## Task requirements
Where the line with "Smitty's Charcoal Grey" appears below, start writing out lines exactly, and finish with the line with "High-quality moving services", which is included; write out nothing else.

## Material for the task
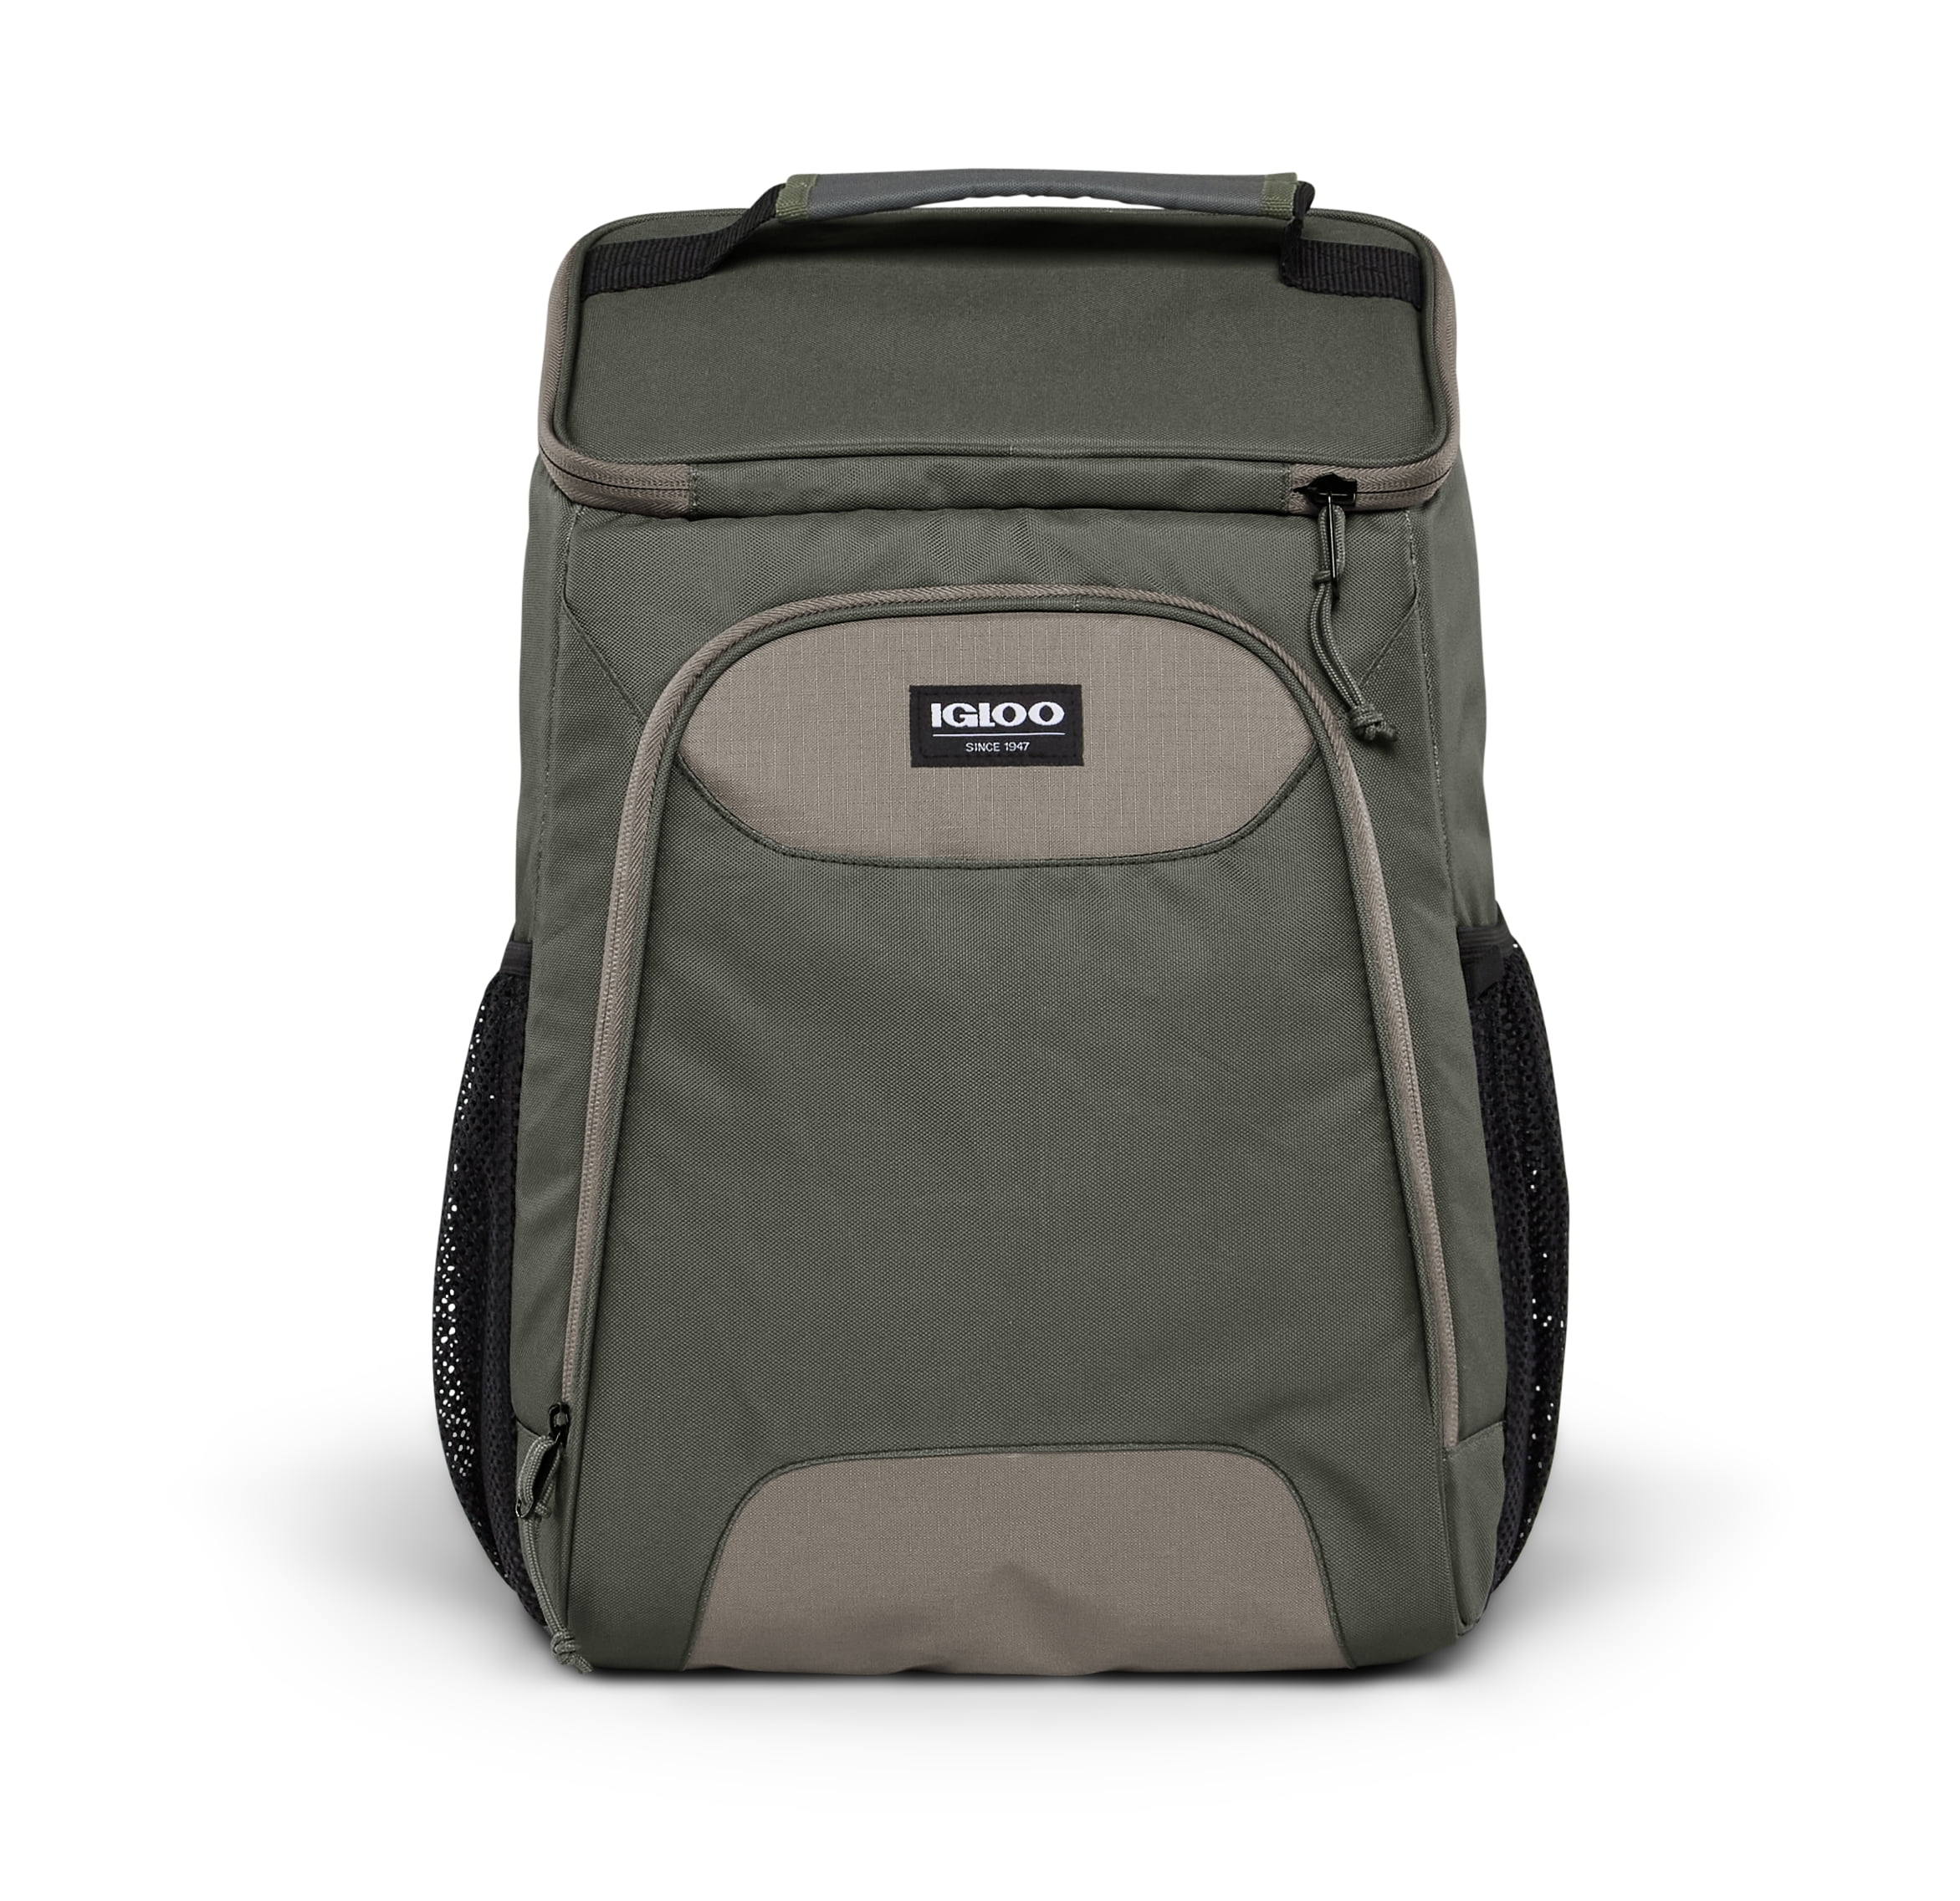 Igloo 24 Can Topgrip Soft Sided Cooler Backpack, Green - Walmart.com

...

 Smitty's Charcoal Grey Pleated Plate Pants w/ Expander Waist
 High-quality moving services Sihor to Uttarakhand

## Response for this exercise
 Smitty's Charcoal Grey Pleated Plate Pants w/ Expander Waist
 High-quality moving services Sihor to Uttarakhand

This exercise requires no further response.